## What you have to do:
Reproduce exactly only the lines from the line that holds "お食事処さゝ川 コース料理" to the line that holds "В ход шли дымовые", inclusive, in the listing below, and please leave out every picture.

## Material to process:
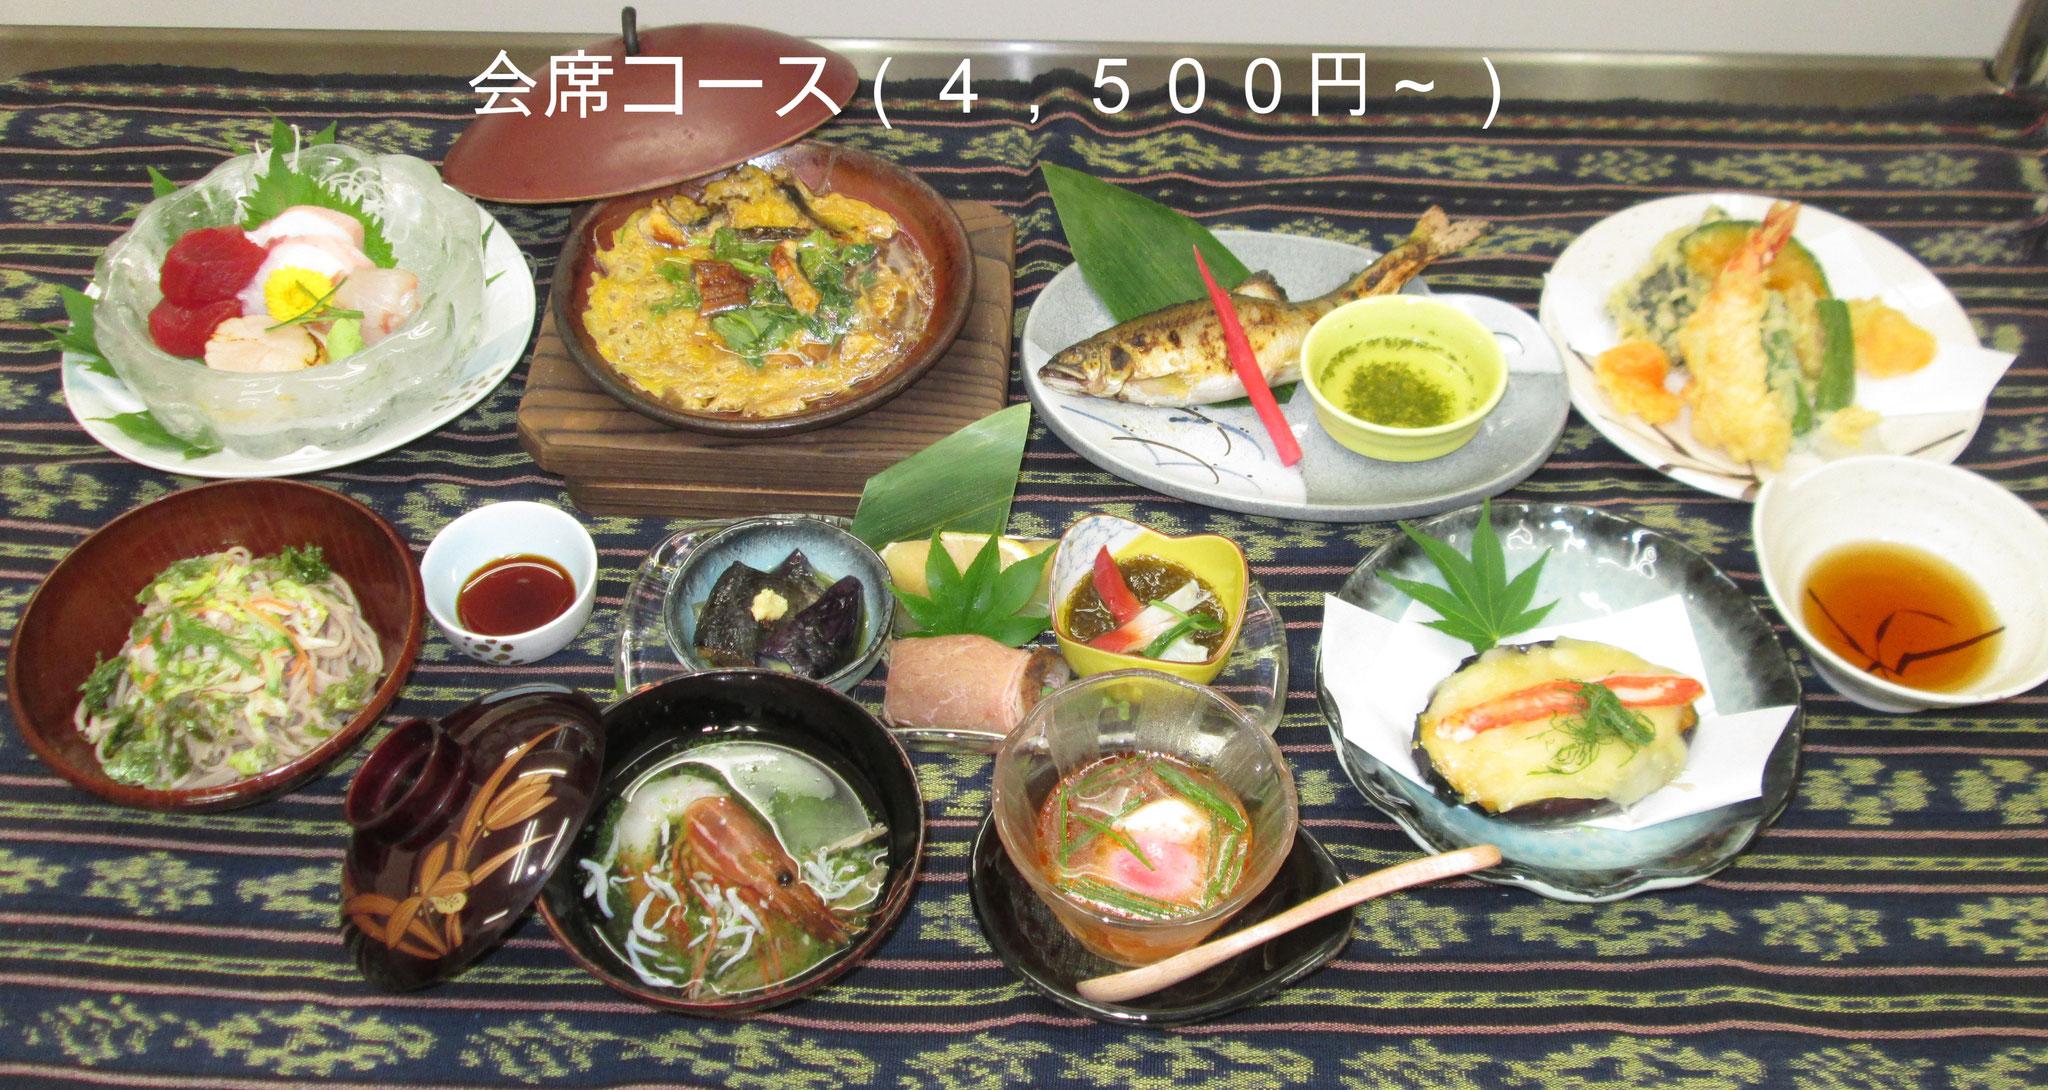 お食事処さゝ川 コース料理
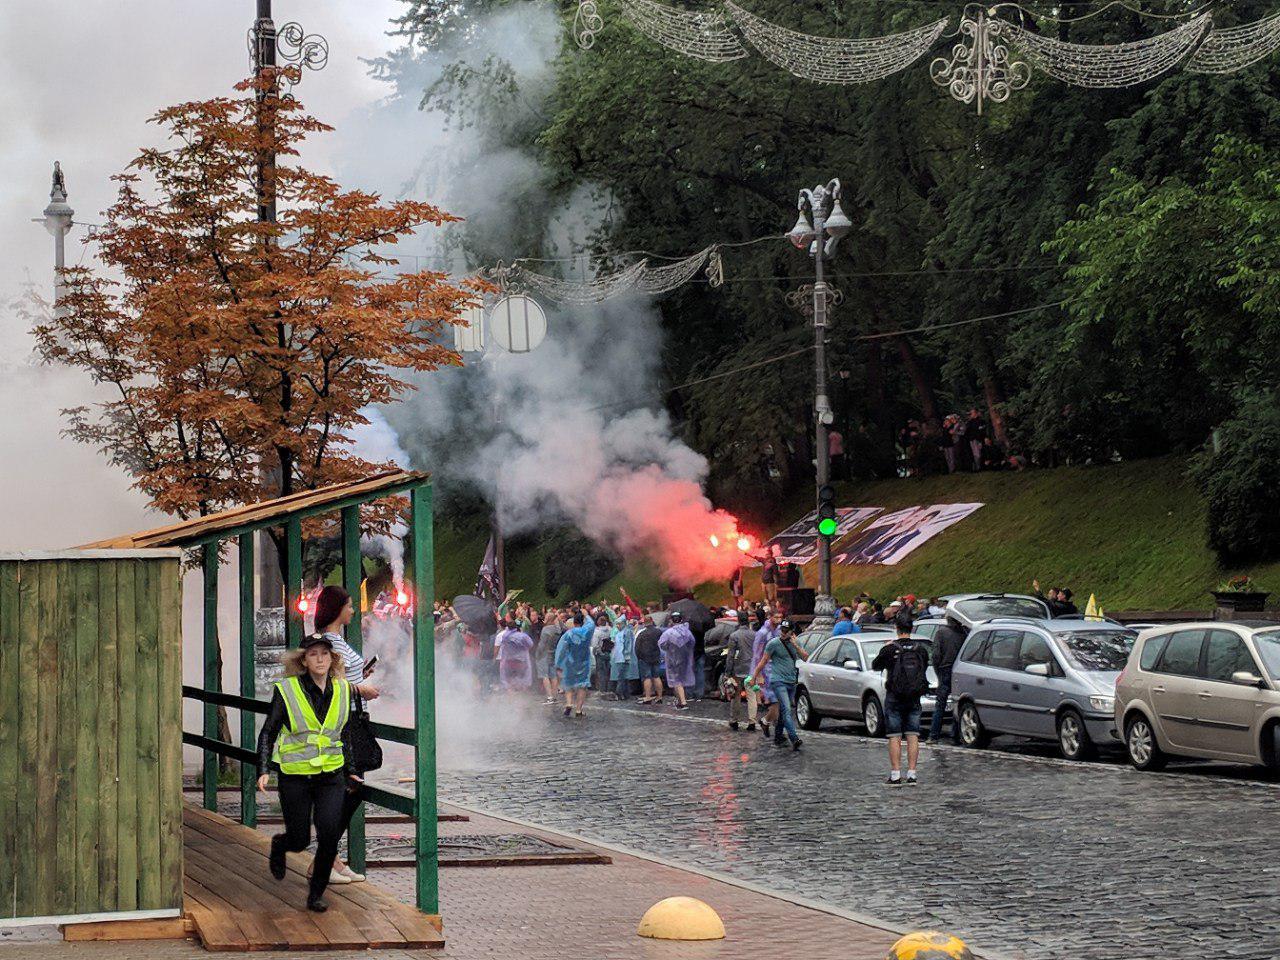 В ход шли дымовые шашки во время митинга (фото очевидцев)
--
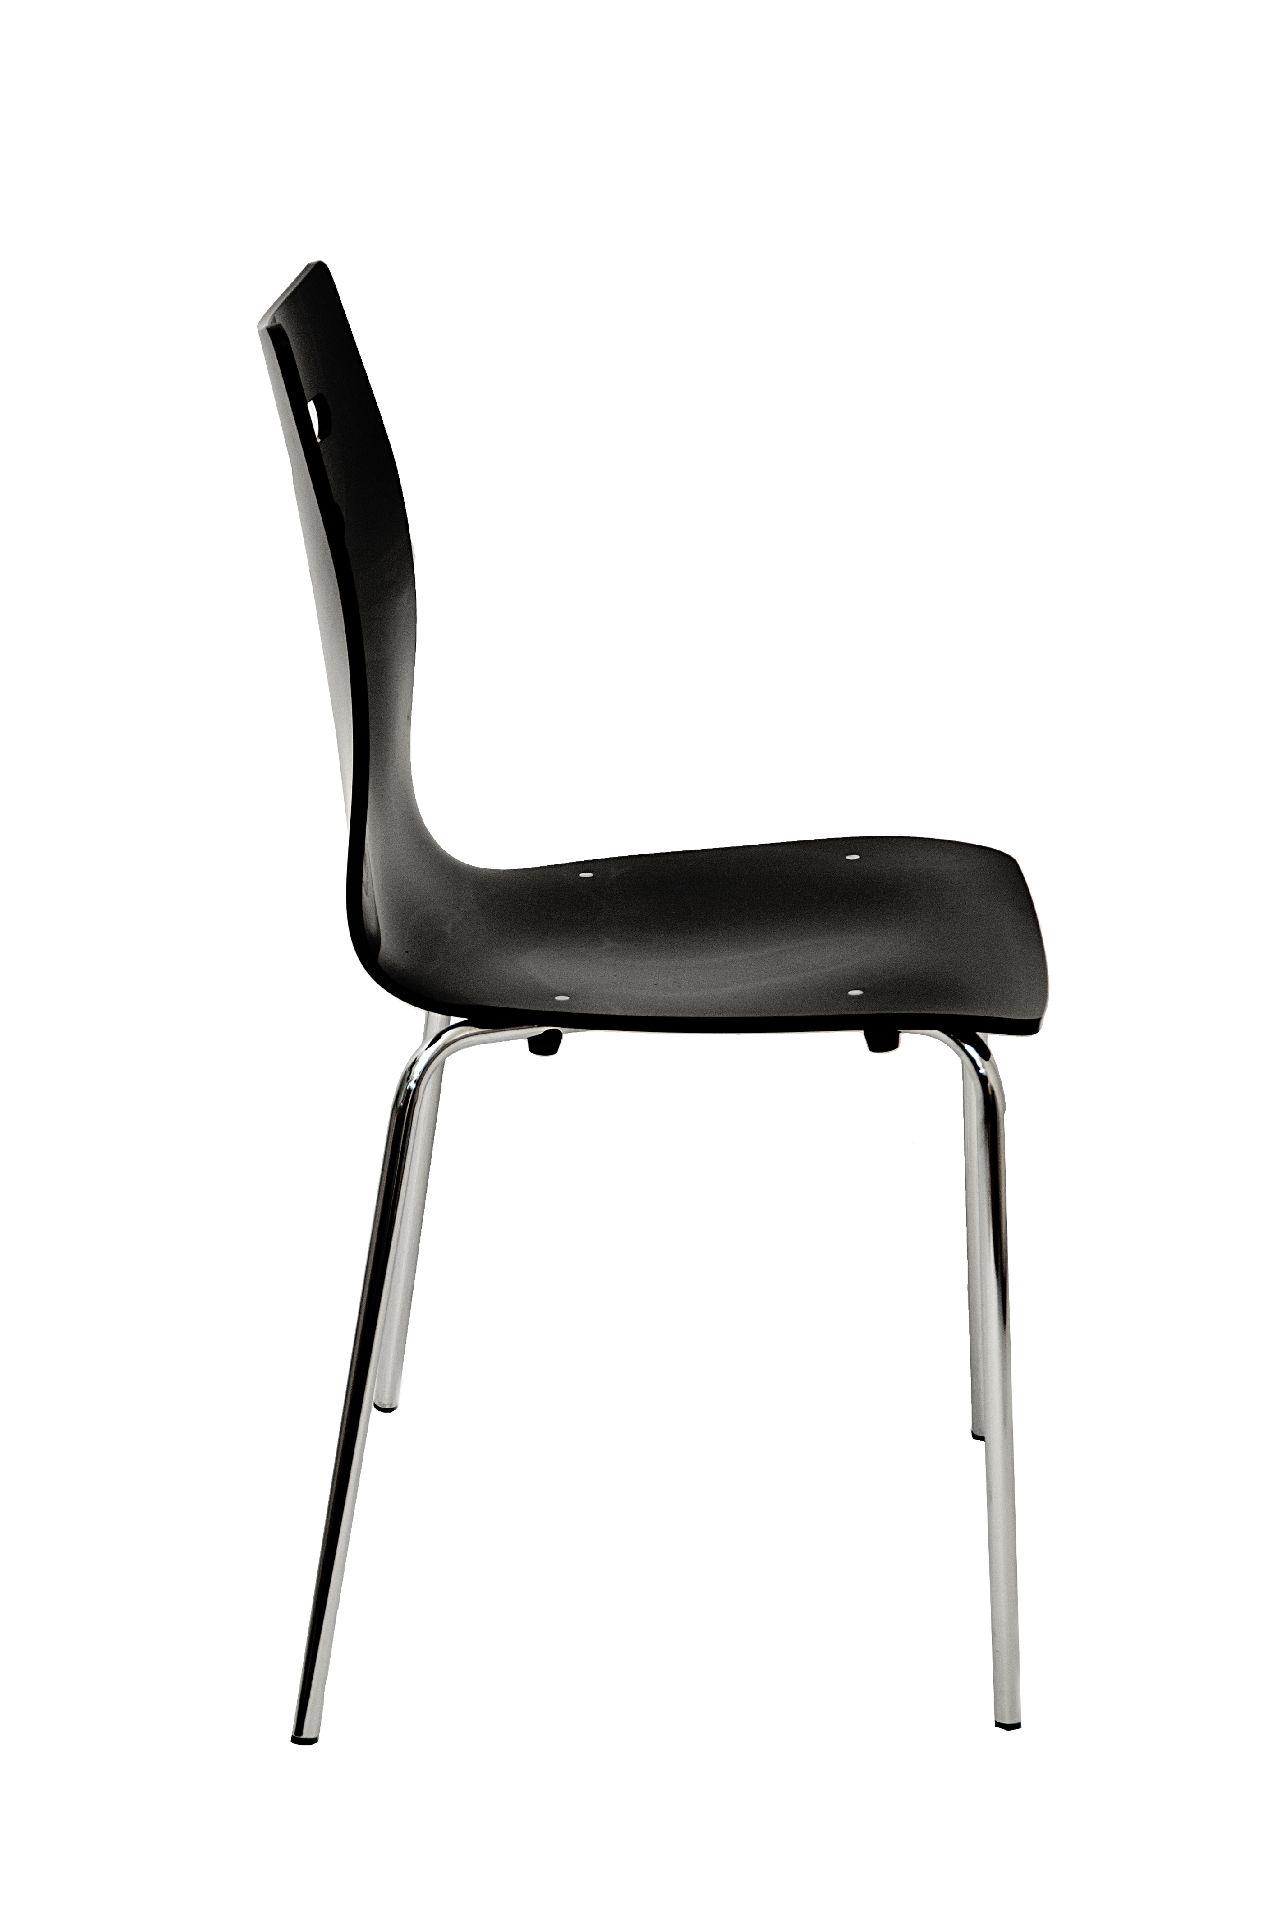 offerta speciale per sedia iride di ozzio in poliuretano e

## Response:
 お食事処さゝ川 コース料理
 В ход шли дымовые шашки во время митинга (фото очевидцев)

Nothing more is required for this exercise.